I'm signed up with 4 or 5 dealers to try and get one. On of my dealers is about 10 minutes away from my house and when he gets one he will send out an emal an you have to bring cash to the store and the first one there gets it....Last time I was there in about 10 minutes and missed my chance.

I'm been waiting since Dec and no luck yet so my best advice is sign up with multiple dealers unless you want to pay double


----------



## WESTTU (May 23, 2007)

here is a link


----------



## Flat Trout (Aug 2, 2011)

Kel-Tec http://www.keltecweapons.com/our-guns/pistols/pmr-30/


----------



## sea sick (Feb 9, 2006)

coogerpop said:


> The fellow asked about a 22 Mag. this walther is a 22 LR isn't it ???? the only 2 mag auto I am familiar with is an auto mag....anyone else know of a 22 mag auto pistol???


You are correct,it is a 22lr. Not the mag. My mistakewith the 33gr HP yellow jackets, 1500 fps will put a sting on ya tho lol


----------



## spurgersalty (Jun 29, 2010)

Go with the AMT Auto-Mag, short barreled version.


----------



## zombiedrifter (Aug 26, 2010)

I have Owned a few AMT (Another Malfunctioning Tool) pistols, and no offense to SpurgerSalty, but I would recommend against them. They are very,very hard to find parts for and they do break, extractors being the most common failure. I have also had OMT pistols, the company that AMT became after the gun bans and California's gun laws were enacted, and i can not say I have ever ran more than 3 magazines thru one without failures. The only AMT/OMT pistols that were of suitable quality were the 1911 copies.
Just my opinion. Good luck in your search.


----------



## spurgersalty (Jun 29, 2010)

Non taken Zombie, I realize some people have better luck than others with the same items.
Just provided my .02.


----------



## Trouthunter (Dec 18, 1998)

You can PM Dutch Treat as he has one of the Kel Tec PMR 30's.

30 rounds loaded with .22 WMR is a lot of firepower.

TH


----------



## huntmaster58 (Oct 1, 2008)

AMT are currently being made by High Standard Arms in the Galleria area. You can get new guns and parts, they also do custom.


----------



## coogerpop (Sep 3, 2009)

Hi Standard used to make a super little 2 barreled derringer in 22 mag. Back before the days of CHL,I used to carry one in a wallet type holster[illegal today]...I have a brand new one in the box in my safe, used to have a couple more but sold them....they must have made a bunch of them since I still see them regularly at the gun shows..


----------



## TranTheMan (Aug 17, 2009)

Back before the days of CHL,I used to carry one in a wallet type holster[illegal today]...[/QUOTE]

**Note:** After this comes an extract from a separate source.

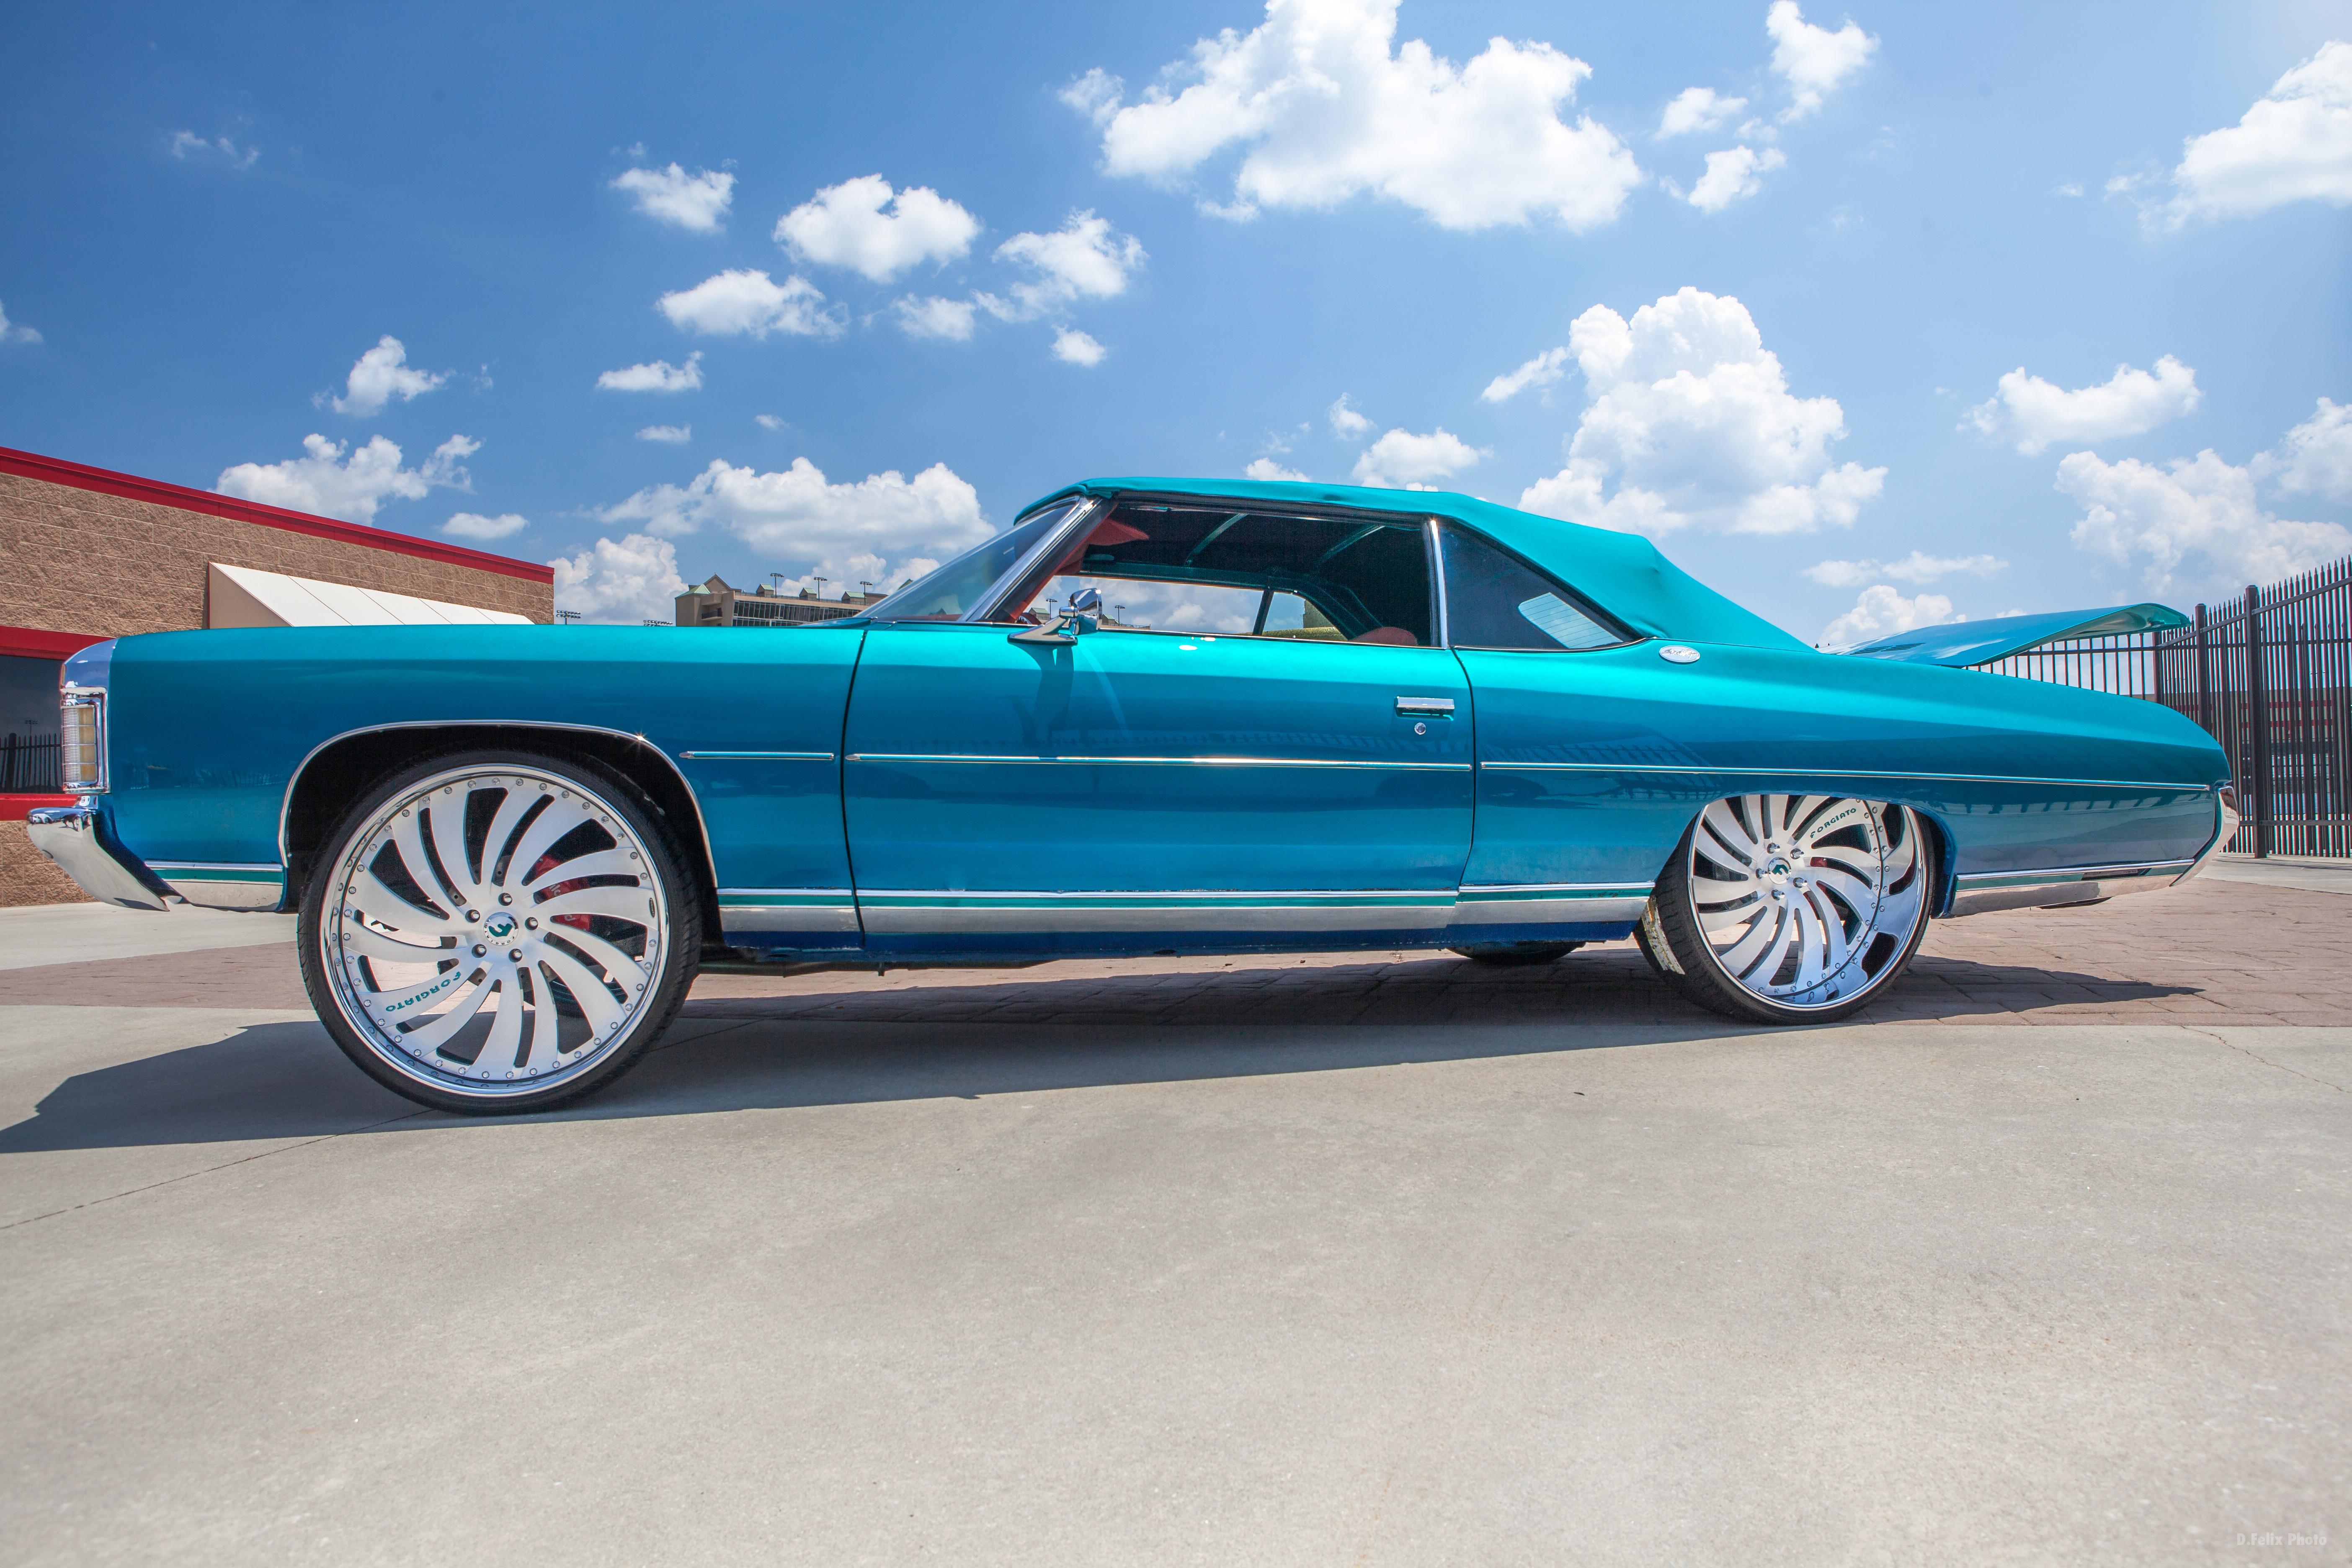 Atlanta Motor Speedway Rides Magazine - Car show atlanta motor speedway

Why is it illegal today? It is concealed so it should be OK with a CHL? I just wonder if someone can elaborate it a bit?


----------



## zombiedrifter (Aug 26, 2010)

TranTheMan said:


> Back before the days of CHL,I used to carry one in a wallet type holster[illegal today]...


Why is it illegal today? It is concealed so it should be OK with a CHL? I just wonder if someone can elaborate it a bit?[/QUOTE]
the ATF, in its infinite wisdom, considers a hunk of leather, the 'shoot thru' holster, ANY OTHER WEAPON. you can have one, you just need to buy the ATF approval stamp.


----------



## Wolf6151 (Jun 13, 2005)

Flat Trout said:


> Kel-Tec http://www.keltecweapons.com/our-guns/pistols/pmr-30/


That Kel-Tec is nice but it's not what I would call small. I was thinking something along the lines of the small Taurus 22 lr. pistols with the tip up barrel but in 22 mag.. Anyone know of someone that makes something like this?


----------



## MR. L. (Jun 19, 2007)

north american arms makes a 22 mag 5 shot that will fit in the palm of your hand


----------



## Poon Chaser (Aug 22, 2006)

Walther p22


----------



## Trouthunter (Dec 18, 1998)

> Hi Standard used to make a super little 2 barreled derringer in 22 mag.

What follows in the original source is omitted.